--- Directions ---
The expected output is the line bearing "Balaika Society Concert April 27" followed by all remaining lines of the records, each restated word for word.

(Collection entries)

———

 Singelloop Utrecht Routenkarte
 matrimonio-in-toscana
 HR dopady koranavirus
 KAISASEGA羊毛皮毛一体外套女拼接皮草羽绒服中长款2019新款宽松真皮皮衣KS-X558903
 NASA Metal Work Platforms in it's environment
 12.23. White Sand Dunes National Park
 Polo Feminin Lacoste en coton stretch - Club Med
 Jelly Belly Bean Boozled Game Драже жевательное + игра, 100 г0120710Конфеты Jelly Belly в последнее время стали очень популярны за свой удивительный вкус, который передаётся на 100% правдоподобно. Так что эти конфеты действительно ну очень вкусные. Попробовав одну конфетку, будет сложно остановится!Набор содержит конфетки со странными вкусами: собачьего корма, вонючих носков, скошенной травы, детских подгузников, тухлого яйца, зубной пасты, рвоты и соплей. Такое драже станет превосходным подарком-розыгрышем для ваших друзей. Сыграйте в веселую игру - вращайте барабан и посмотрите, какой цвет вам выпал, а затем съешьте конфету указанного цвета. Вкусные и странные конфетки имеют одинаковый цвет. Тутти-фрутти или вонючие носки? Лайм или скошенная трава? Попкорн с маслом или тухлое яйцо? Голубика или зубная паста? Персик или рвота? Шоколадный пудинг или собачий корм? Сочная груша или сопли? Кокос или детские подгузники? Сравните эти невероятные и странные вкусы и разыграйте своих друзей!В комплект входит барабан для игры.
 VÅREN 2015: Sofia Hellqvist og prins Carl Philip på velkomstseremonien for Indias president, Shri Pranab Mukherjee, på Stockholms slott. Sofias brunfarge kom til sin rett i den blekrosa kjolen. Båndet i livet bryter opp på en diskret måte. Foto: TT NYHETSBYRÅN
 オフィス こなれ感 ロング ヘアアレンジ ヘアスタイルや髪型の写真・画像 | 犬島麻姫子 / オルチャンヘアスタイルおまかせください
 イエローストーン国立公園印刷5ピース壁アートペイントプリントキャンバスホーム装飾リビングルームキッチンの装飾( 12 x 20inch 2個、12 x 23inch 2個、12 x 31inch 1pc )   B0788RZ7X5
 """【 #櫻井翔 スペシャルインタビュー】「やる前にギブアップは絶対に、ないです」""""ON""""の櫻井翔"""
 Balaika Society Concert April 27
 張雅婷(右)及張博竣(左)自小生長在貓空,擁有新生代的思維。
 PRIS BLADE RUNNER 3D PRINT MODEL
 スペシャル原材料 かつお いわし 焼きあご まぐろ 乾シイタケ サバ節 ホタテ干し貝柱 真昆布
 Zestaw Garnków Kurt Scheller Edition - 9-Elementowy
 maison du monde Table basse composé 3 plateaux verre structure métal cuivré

———

--- Task output ---
 Balaika Society Concert April 27
 張雅婷(右)及張博竣(左)自小生長在貓空,擁有新生代的思維。
 PRIS BLADE RUNNER 3D PRINT MODEL
 スペシャル原材料 かつお いわし 焼きあご まぐろ 乾シイタケ サバ節 ホタテ干し貝柱 真昆布
 Zestaw Garnków Kurt Scheller Edition - 9-Elementowy
 maison du monde Table basse composé 3 plateaux verre structure métal cuivré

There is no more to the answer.